I agree with Nick and Mat, hang on to what cash you have. However, you may want to get some things started while you are waiting on other things, depending on your timeline.

In my case, I went ahead and got all my permits and engineering plats, etc., started before I closed on the mortgage. In my area, these permits are taking quite a bit of time, and you could run into issues, so if your mortgage company wants you to finish your project within 9-12 months, you could end up spending 6-9 months just waiting on permits. I did not want to risk this, so I fronted the cash for that up front. HOWEVER, when I put in my final building budget to the mortgage company, I specifically DID NOT list those items as prepaid, I listed them as part of the draws. Because IF I did, the mortgage company would have considered that as money down. So, I waited til the mortgage closed and then immediately requested my draw (with proof) for engineering studies and permits. So I got my cash back right away to use for other things I had to pay before work could start, but was still able to get my project started earlier. I'm glad I did, because my permit fees were astronomical. I had not anticipated them to be that much, the county only gave me an estimate; it was double when the permit came in.

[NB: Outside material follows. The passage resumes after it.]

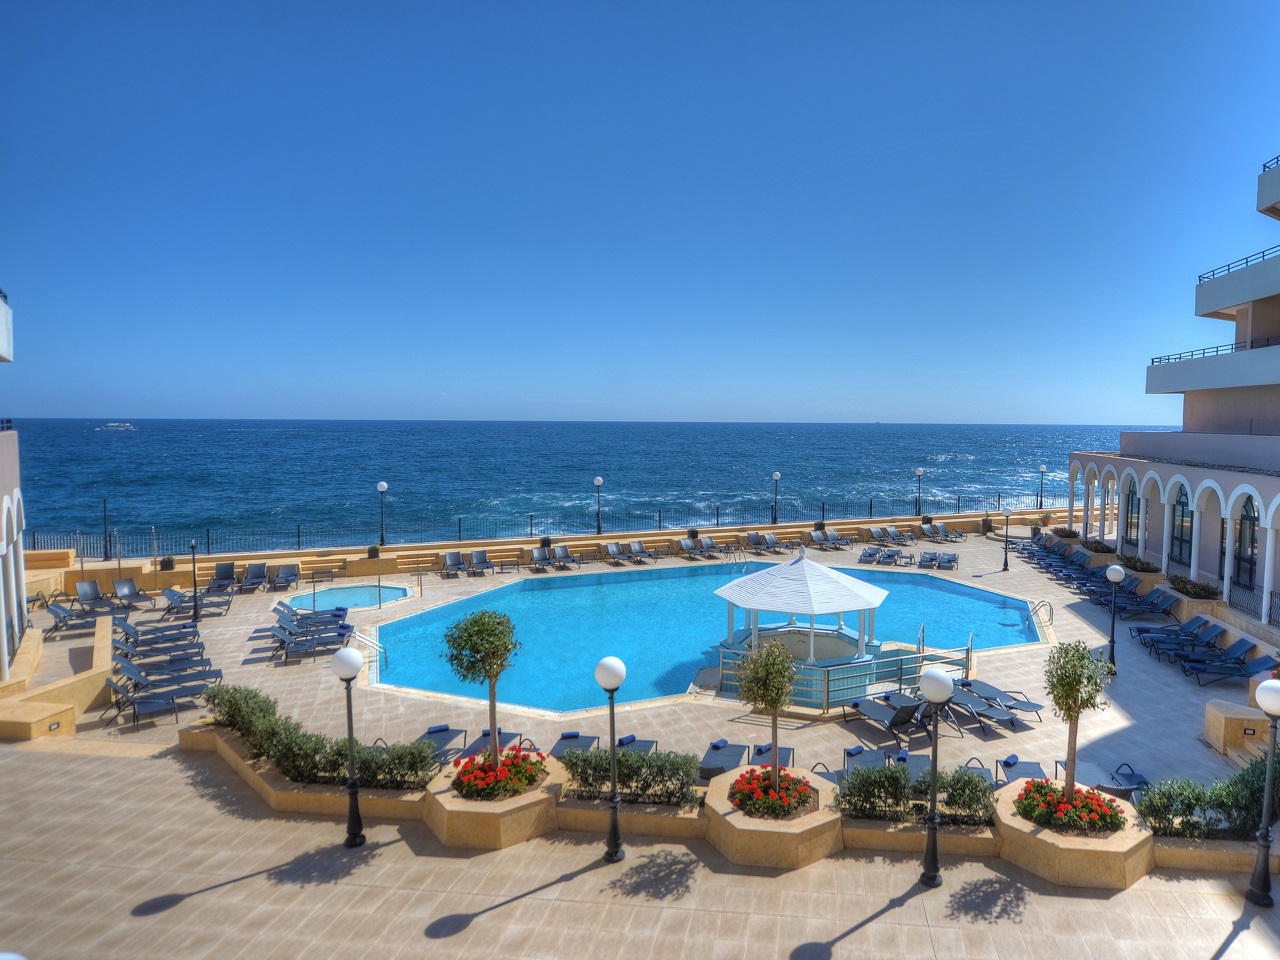 Radisson Blu Resort, Malta St. Julian’s (24)

As an O-B who is doing the interior finish work myself, I wanted my house up in four months after the loan closed so I would have 8 months to allow myself plenty of time (realistic time) to go at the interior stuff at my own pace, nights and weekends, without being rushed to finish everything in the time allotted by the mortgage company. How you set up your draws is very important early on. In my case I only had a small amount of working cash to start with, and I had to make it WORK.